From April 30-May 1, Screen Free Week encourages all families to “spend seven days turning of entertainment screen media and turning on life.” This annual celebration encourages unplugging from televisions, iPads, smartphones, handheld gaming devices, computers, etc. By reducing dependence on screens, organizers hope that families will take time to “unplug and play, read, daydream, create, explore, and spend more time with family and friends.”
This annual event resulted from research that concluded “children spend far too much time in front of screens: an astonishing average of 32 hours a week for preschoolers and even more for older children.
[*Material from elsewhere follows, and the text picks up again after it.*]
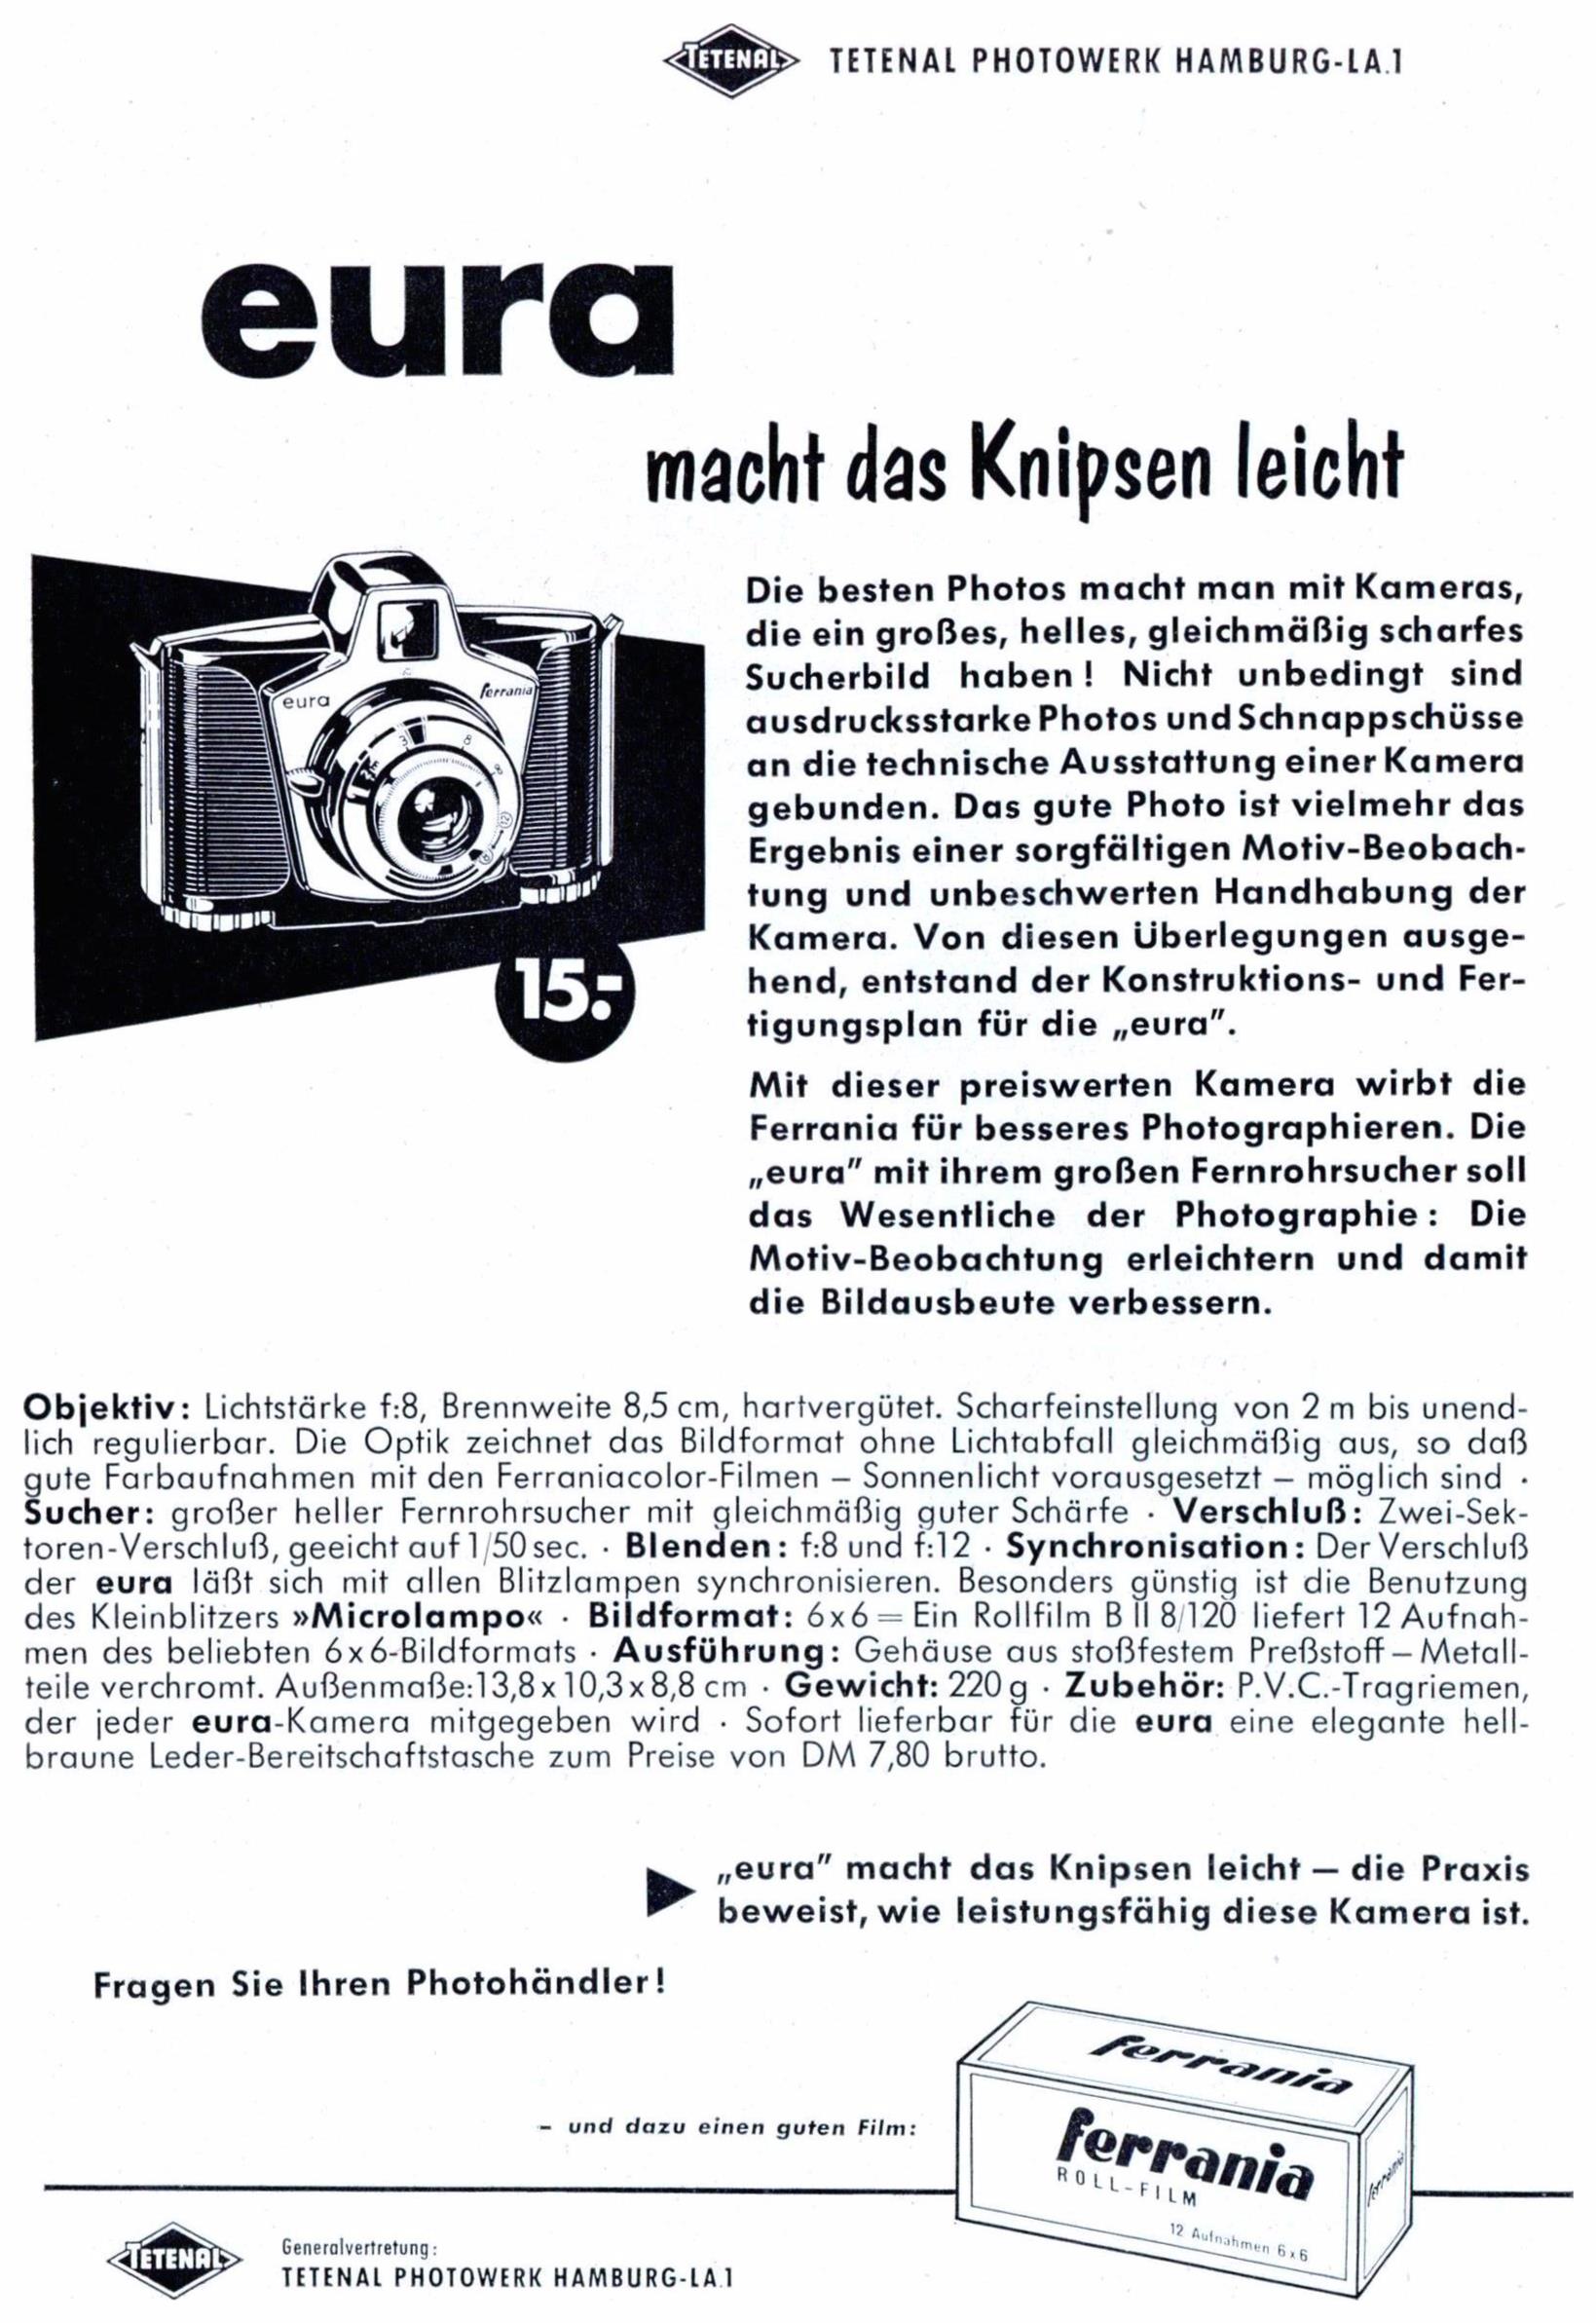 Eura 1959 0.jpg

Time with screens is linked to poor school performance, childhood obesity, attention issues and other health and social problems.”
While completely disconnecting from all forms of screens can be harsh, Screen Free Week can be a time to talk about your family’s screen time. Creating conversations can be a healthy way to evaluate the role that screens play. Talking about what your child sees on a screen, how they feel when they play video games, or spend too much time on the computer may be a better solution than completely cutting off screen time.
Talking about how much time you spend with screens and can be helpful in having your child aid you in establishing family limits on gaming. Consider discussing alternatives to the ways screens may be involved in your lives and take this time to learn from your children by using these conversation starters:
- What might be we be missing when we’re watching a DVD in the car? Talk about appreciating the changing seasons and scenery or the kinds of games that you can play in the car such as old school license plate bingo.
- Going out to dinner is family time. What can we do at a restaurant instead of looking at a screen? Steer the discussion towards events that occurred during the day, create conversation around the menu, or play a game of tic tac toe.
- Talk about favorite television shows. Figure out if there’s a way to limit watching in a reasonable way or sit down with your child to learn more about what they are watching on the television.
- Discuss favorite online websites or games. Have them teach you about them and then play with them.
- If you feel guilty about the amount of time you spend on your smartphone, ask your kids what they think. Do they notice? Do they mind? How can you work together towards a solution?
What other ideas do you have for creating conversations about periodically disconnecting and spending time as a screen-free household?